Dora Kuhn Kelly was born in 1862 to Henry K. Kelly and the former Louisa Warner Hard. Both sides of her family traced ancestry back into the colonial period. Kelly married lawyer Lawrence Lewis on May 16, 1883 and subsequently bore a daughter and three sons. She was widowed in 1890, after her husband was killed attempting to rescue a child from an oncoming train. Lewis became engaged with reform efforts, including the Philadelphia shirtwaist workers strike of 1909-10, suffrage, and prison reform. She was the chair of local arrangements for the 1912 NAWSA Convention and invited Alice Paul to assist her; Paul had gained recognition for her suffrage activities in Britain and locally in Philadelphia.
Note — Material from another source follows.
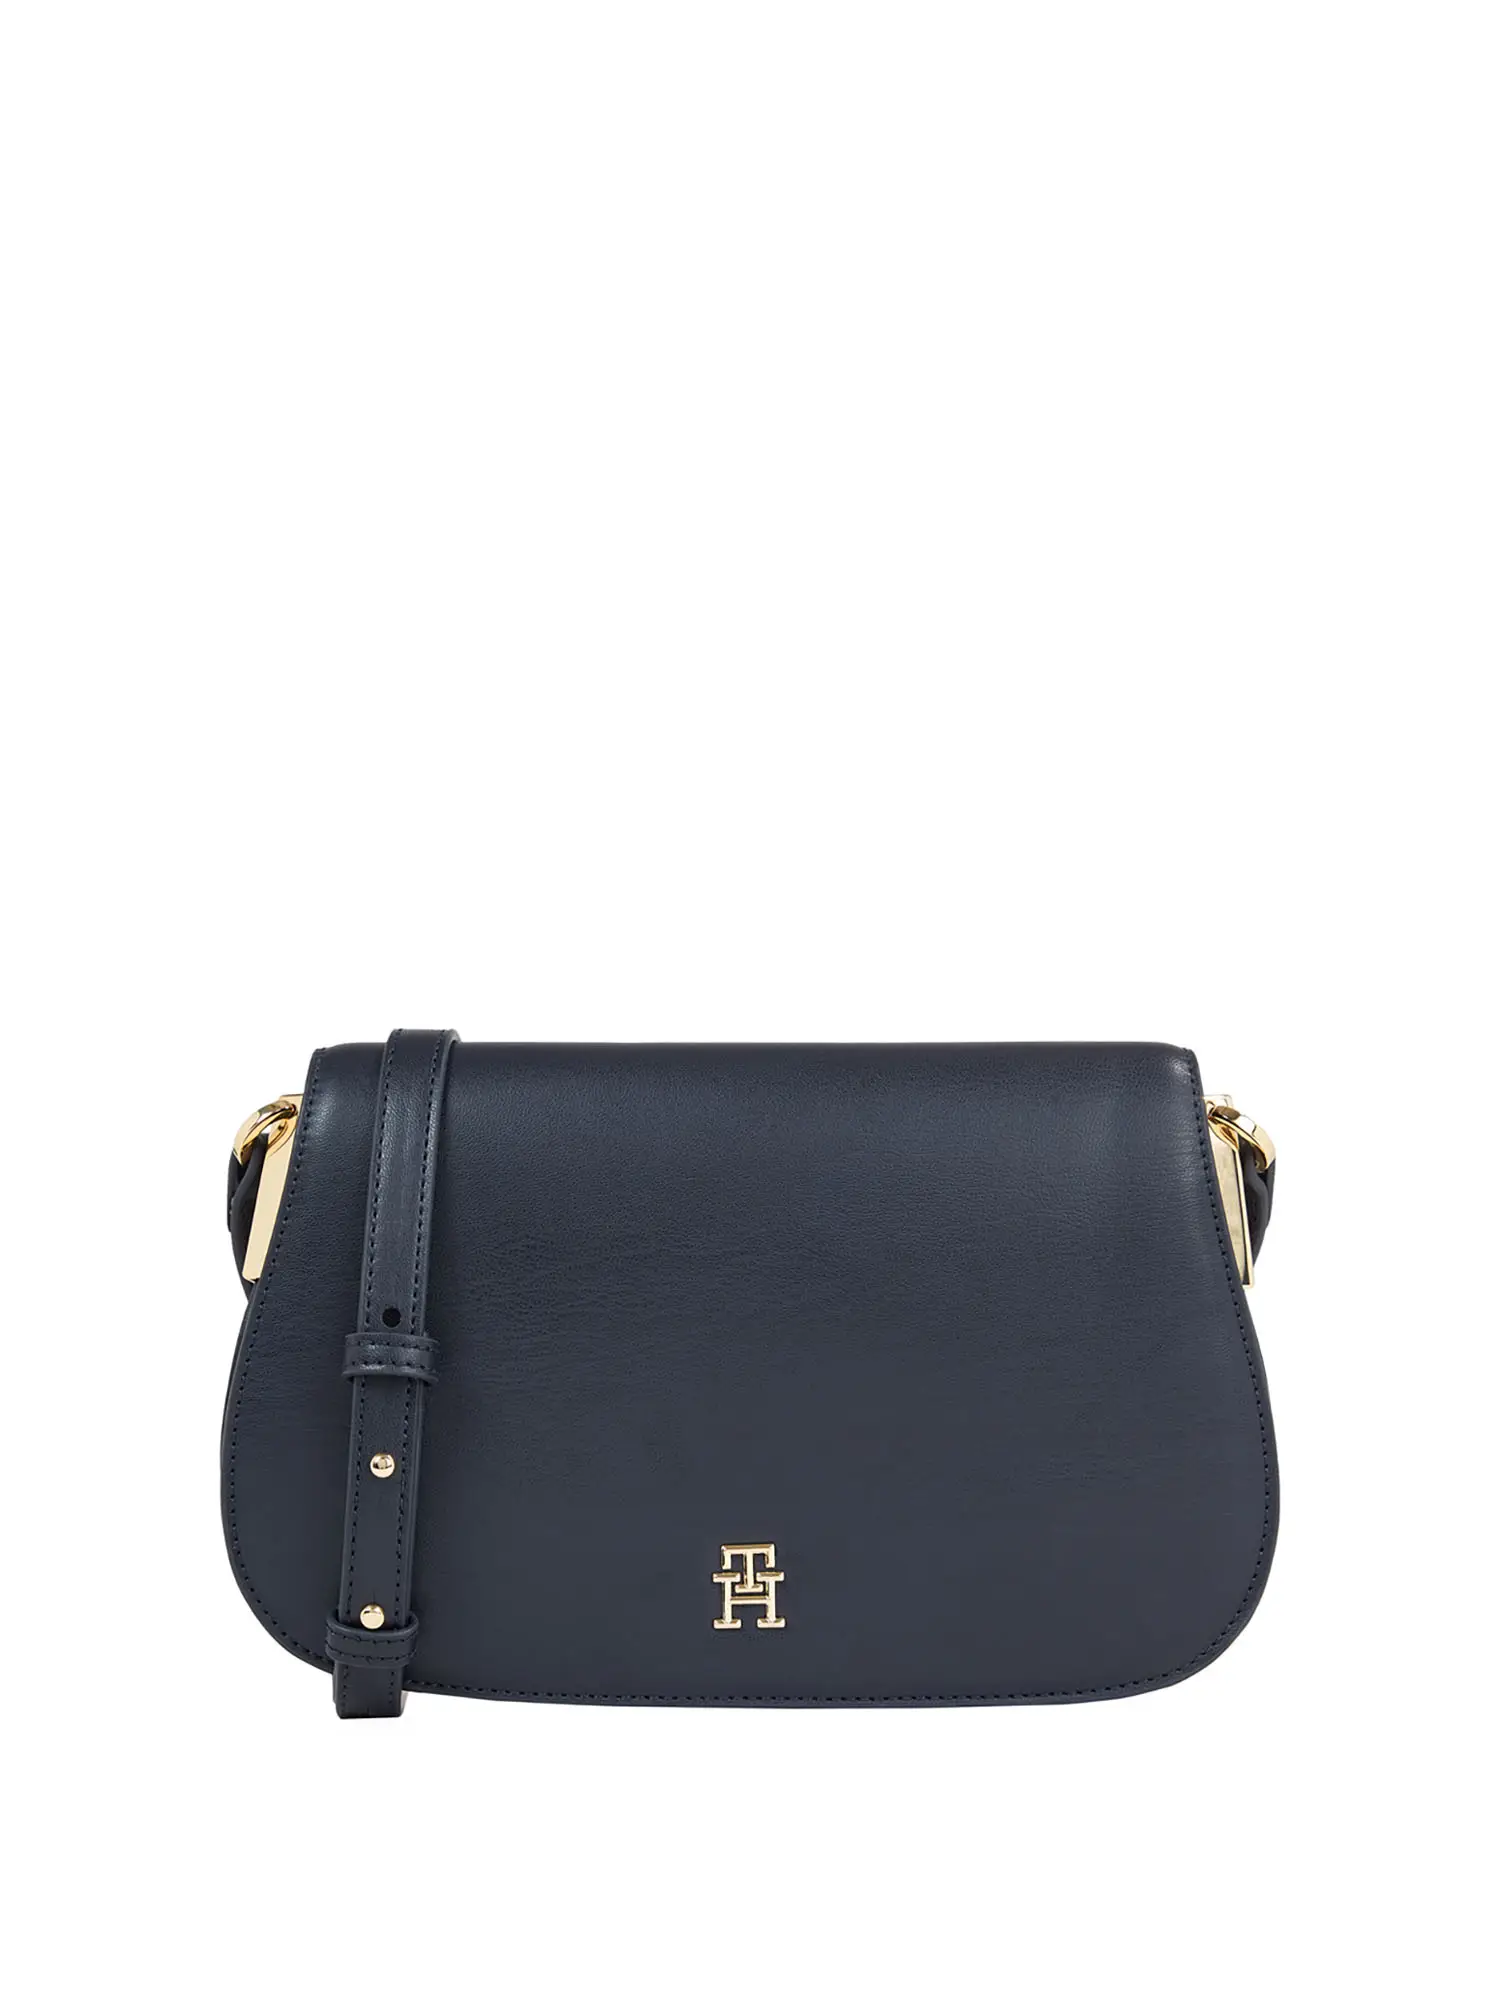 TRACOLLA DONNA - TOMMY HILFIGER - AW0AW15974 - BLU, UNICA

Paul and Lewis established a close bond quickly, though Lewis was more than twenty years Paul’s senior. Extant letters from Lewis to Paul beginning in 1912 are full of affectionate, even intimate remarks. Lewis signed on as a guiding member of the Congressional Committee Paul led in 1913. Lewis’s long relationship with Philadelphia resident and NAWSA president Anna Howard Shaw eased the sometimes tense relationship between Shaw, NAWSA and Paul.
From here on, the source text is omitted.